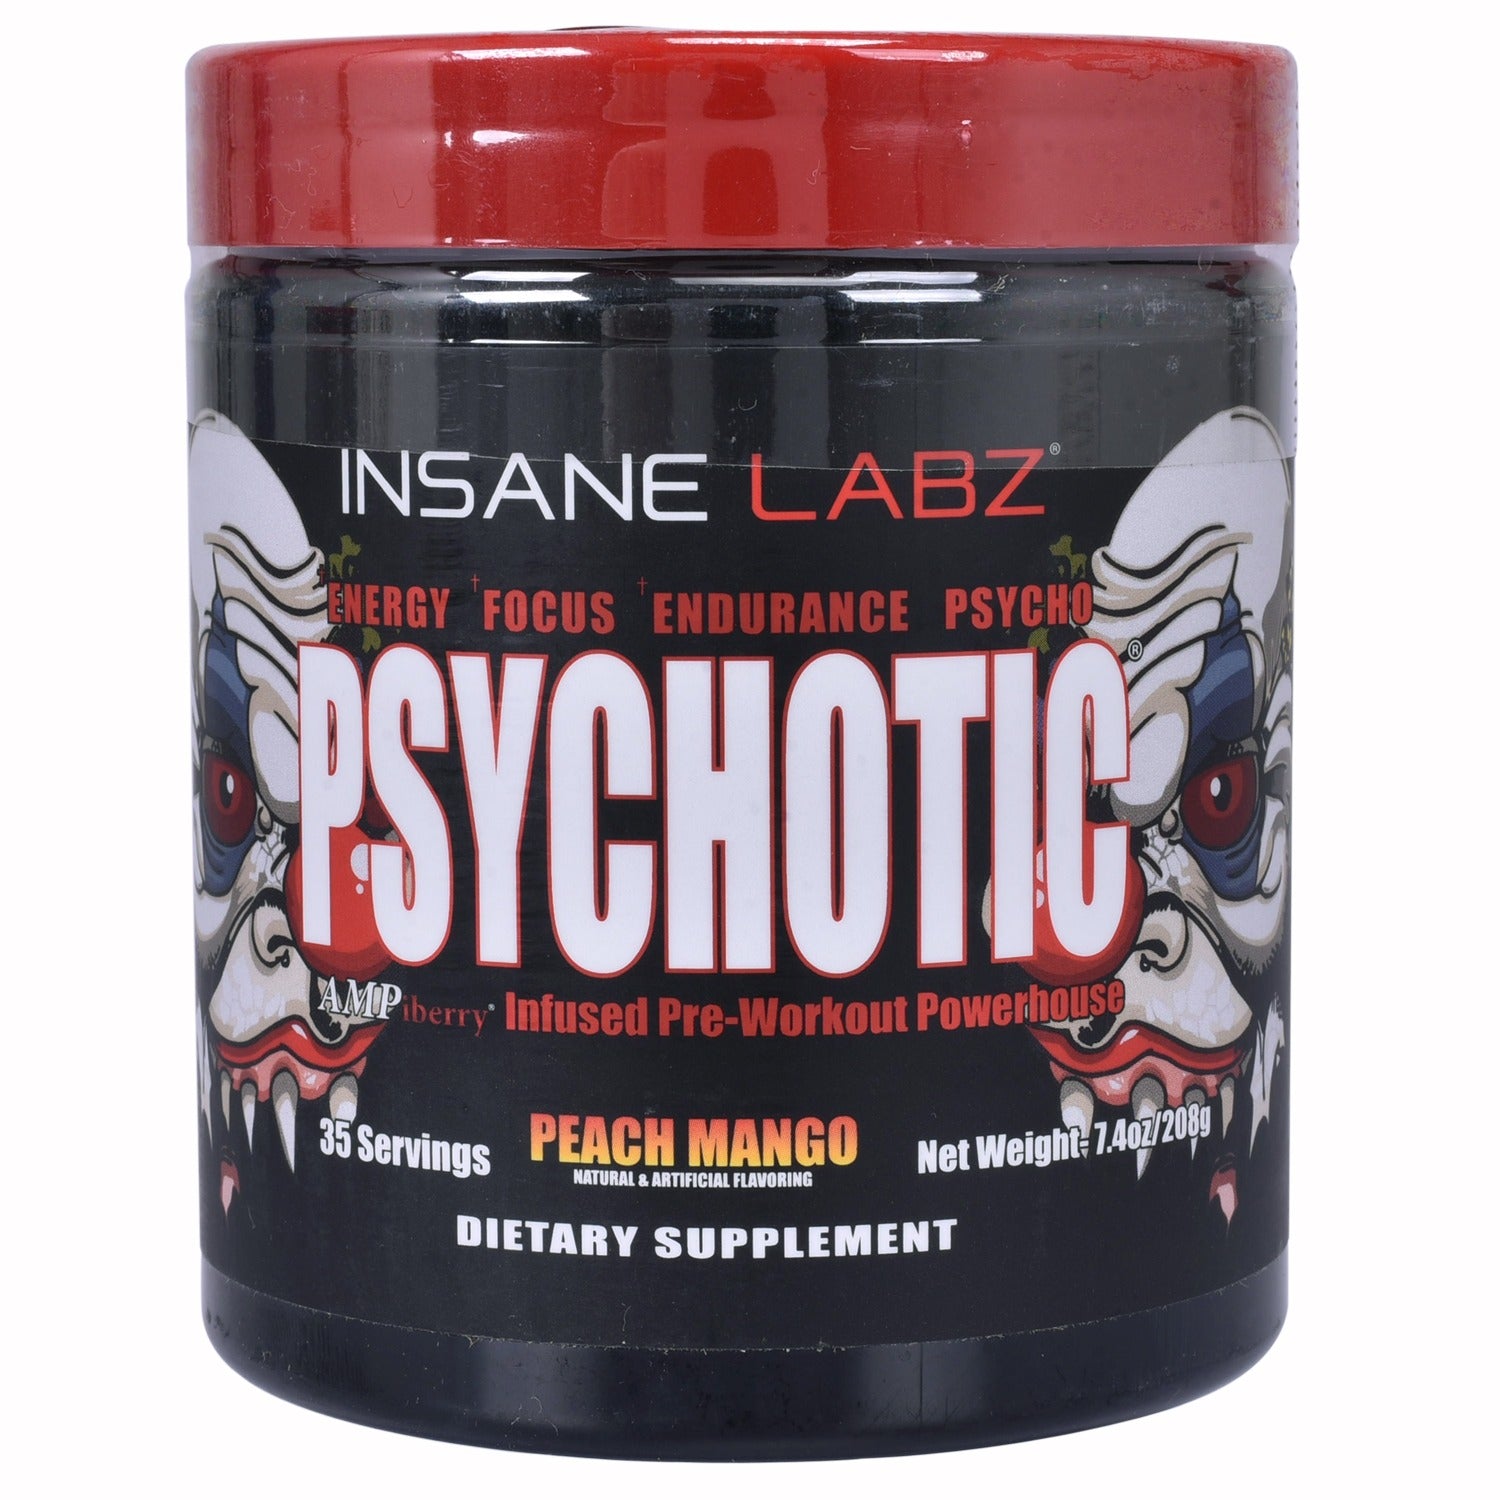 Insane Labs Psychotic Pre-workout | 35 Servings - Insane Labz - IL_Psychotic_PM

--

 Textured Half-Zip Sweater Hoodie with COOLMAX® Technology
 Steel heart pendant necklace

• WHAT YOU NEED TO DO:
Where the listing above reaches the line that contains "Textured Half-Zip Sweater", start retyping, and finish with the line that contains "Steel heart pendant necklace"; reproduce those lines exactly and no others.

• ANSWER SECTION:
 Textured Half-Zip Sweater Hoodie with COOLMAX® Technology
 Steel heart pendant necklace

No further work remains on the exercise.